Benefits for striking Western Forest Products workers on Vancouver Island could be disrupted at the beginning of September, according to the company and union.
United Steelworkers Local 1-1937 employees have been behind picket lines since July 1 and the company has maintained benefit payments to striking workers, but Susan Dolinski, Western’s vice-president of corporate affairs, said that is contingent on payment from the union, which it isn’t receiving. In an e-mail to employees, the company said it is not obligated to provide benefits when a collective agreement is not in place.
“So we’ve been pursuing that option from the USW and so far, they’ve made no commitment to pay that, so we’ve fronted the cost, frankly, for the union for the last two months and while we awaited payment,,” said Dolinski. We also felt the need that as we approach September, we really needed to notify people that this could come to an end if they don’t pay.”

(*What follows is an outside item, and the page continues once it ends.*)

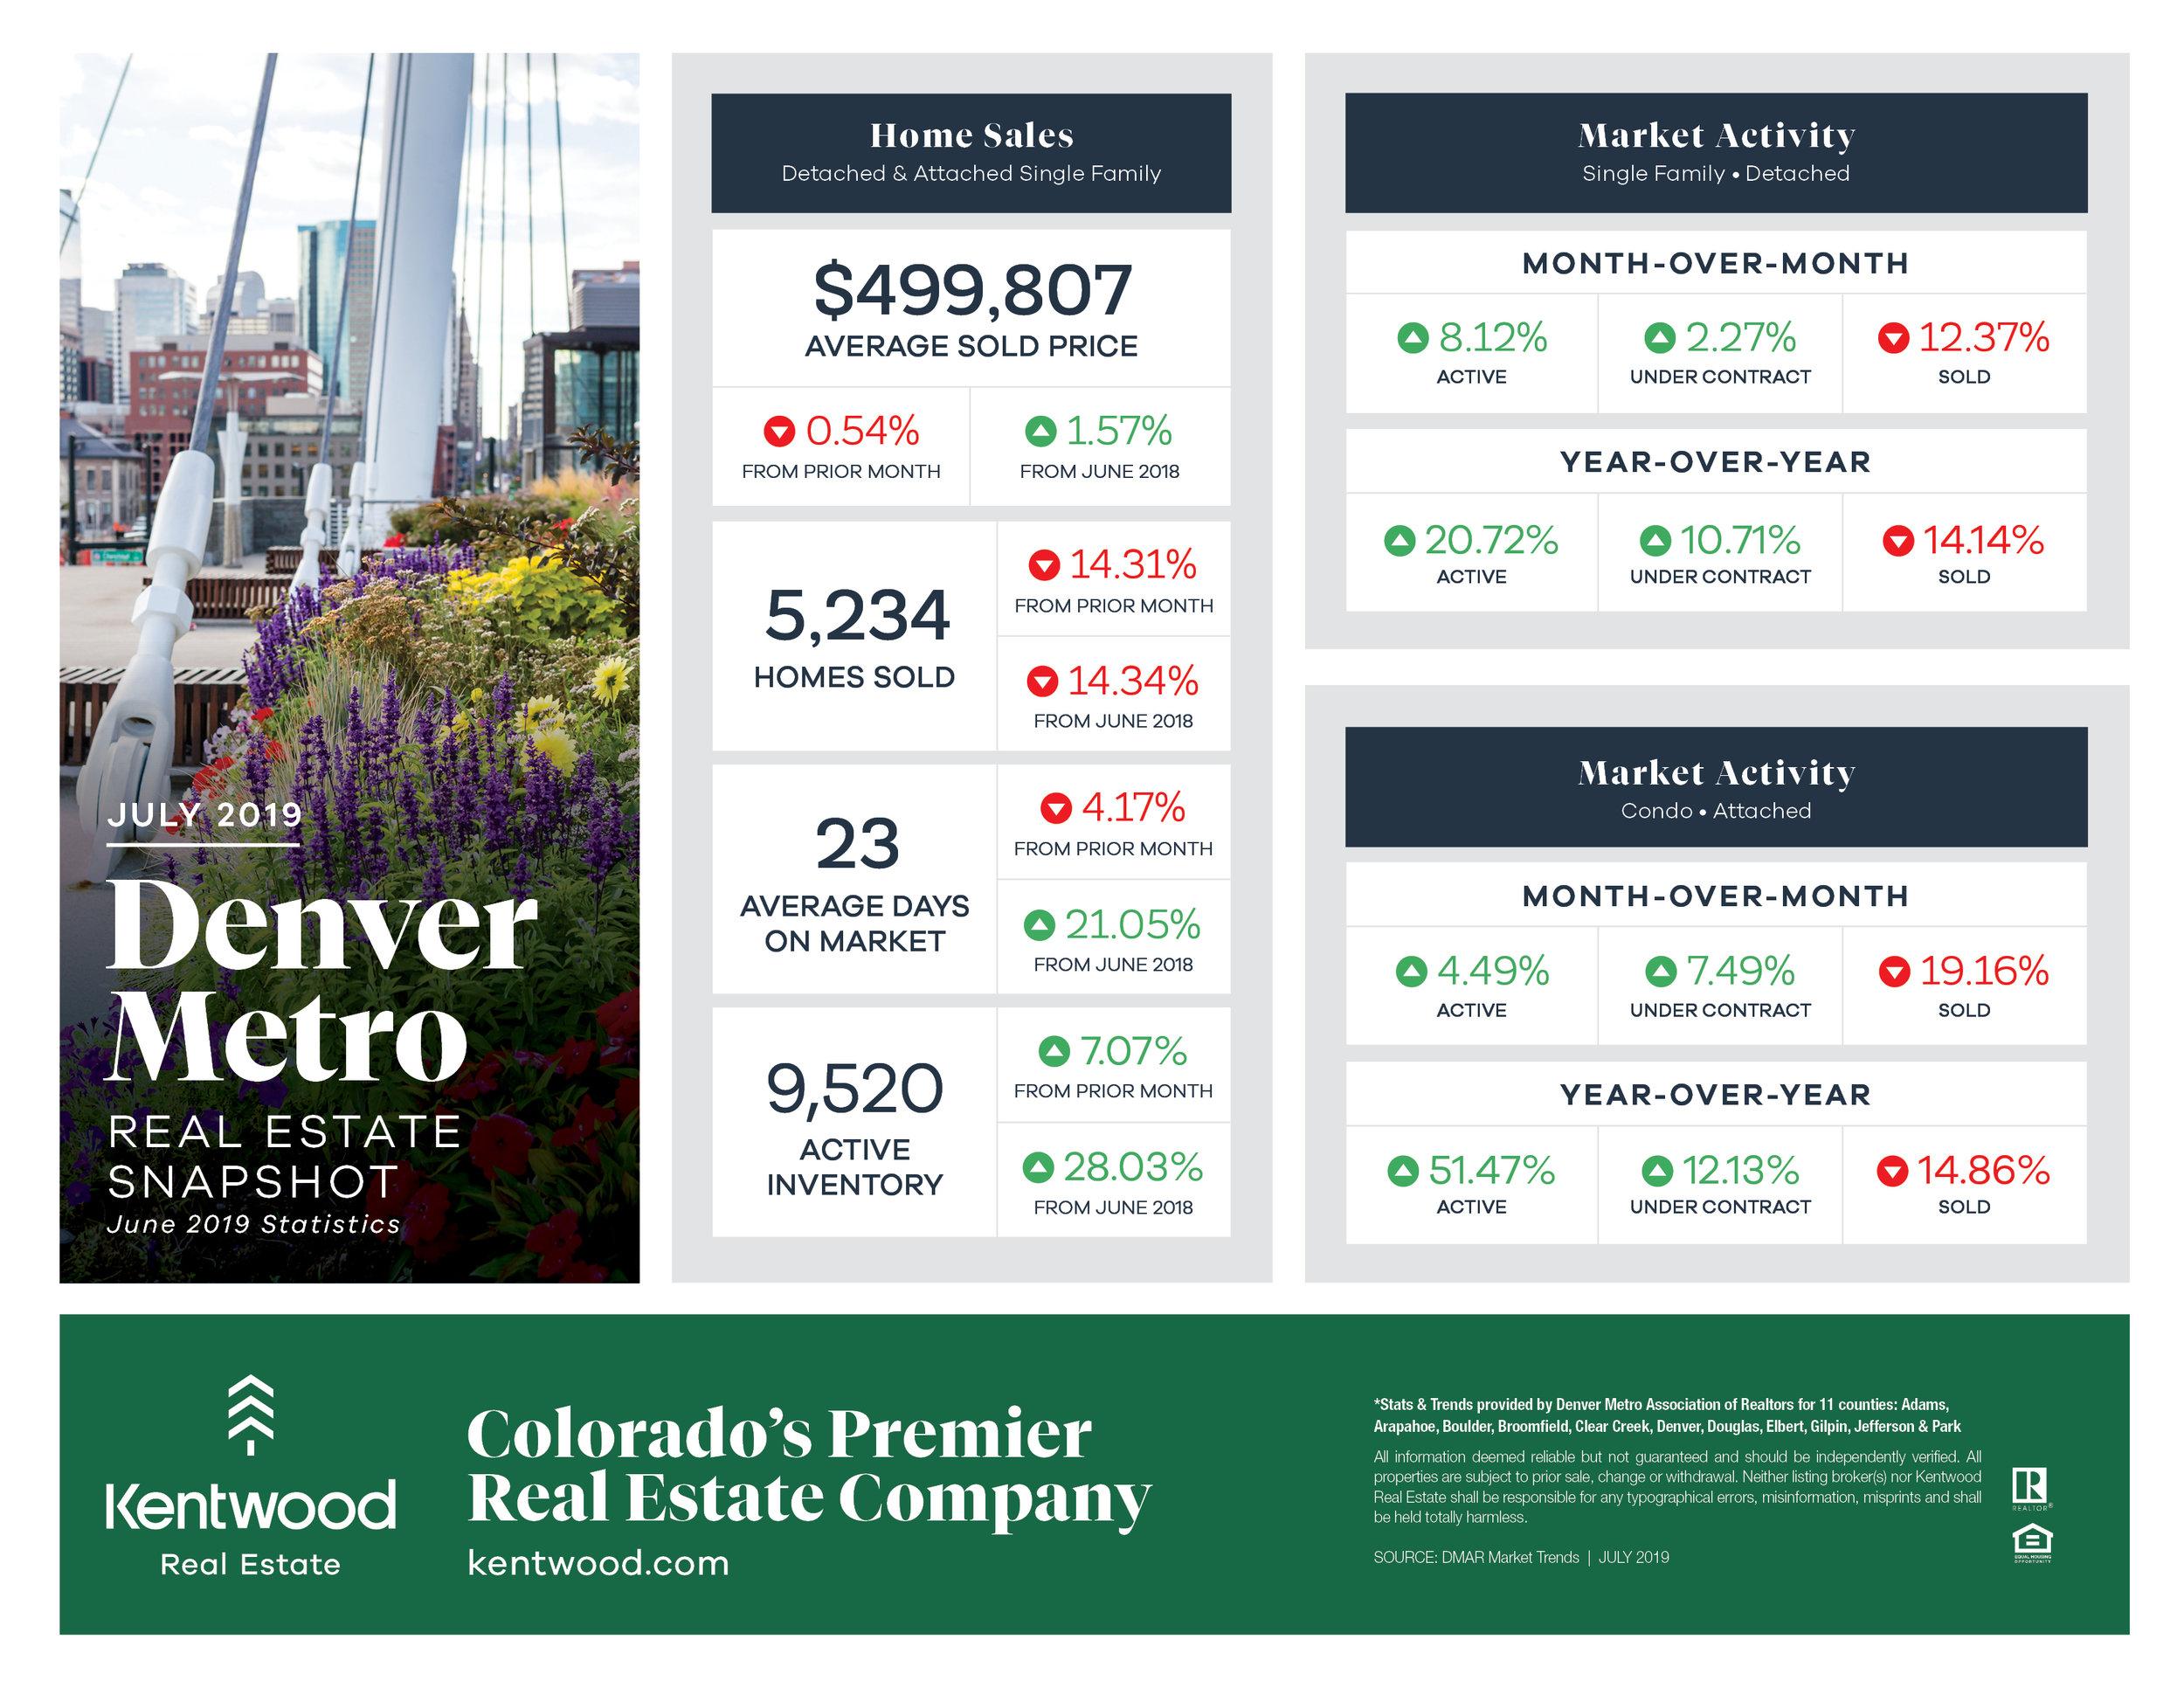 July_Denver_Metro_StatsUpdatedBranding.jpg

Brian Butler, local president, disagrees with Western’s position and told Black Press he believes the two sides are bound by a 1993 decision, passed by the union and industry trustees, stating that benefits will be maintained during a labour dispute and repaid on a graduated basis once employees are back at work. The company has claimed the provision has been cancelled, said Butler, but it hasn’t produced evidence suggesting that is the case.

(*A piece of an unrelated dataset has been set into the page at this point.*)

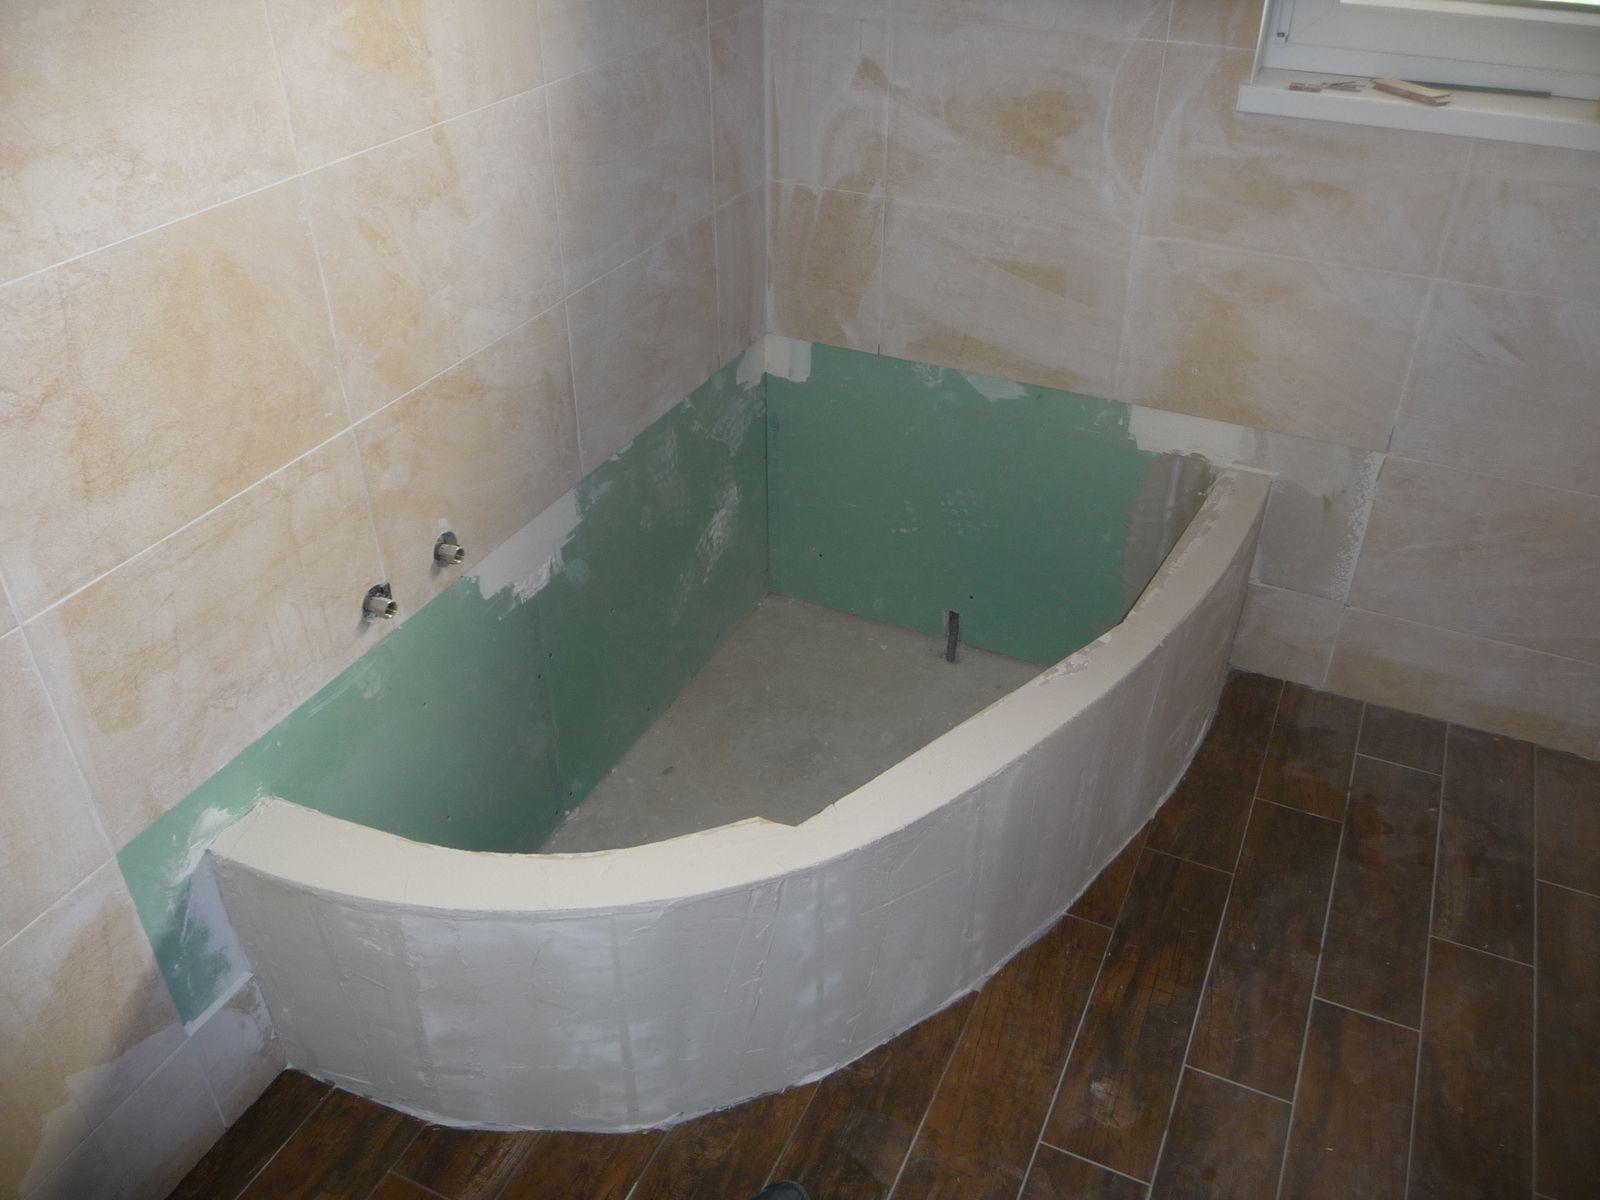 Fabriquer tablier baignoire innovant tablier baignoire for Carreler une salle de bain avec baignoire

“The parties are at odds over that and I believe the joint trustees are meeting shortly to have that discussion, because if they do cancel benefits, it’s likely we would challenge that legally, both with the plan and WFP … the trustees are meeting shortly to determine what action took place that actually gave WFP, what they think is the right to cancel, which we say they don’t have, so the trustees have to clarify that,” said Butler.
Both Dolinski and Butler said no talks are currently scheduled, but noted negotiator Vince Ready has met with both sides in an effort to engage in preliminary discussions.
Dolinski said the strike is entering its third month and the company has been working in earnest to get back to bargaining.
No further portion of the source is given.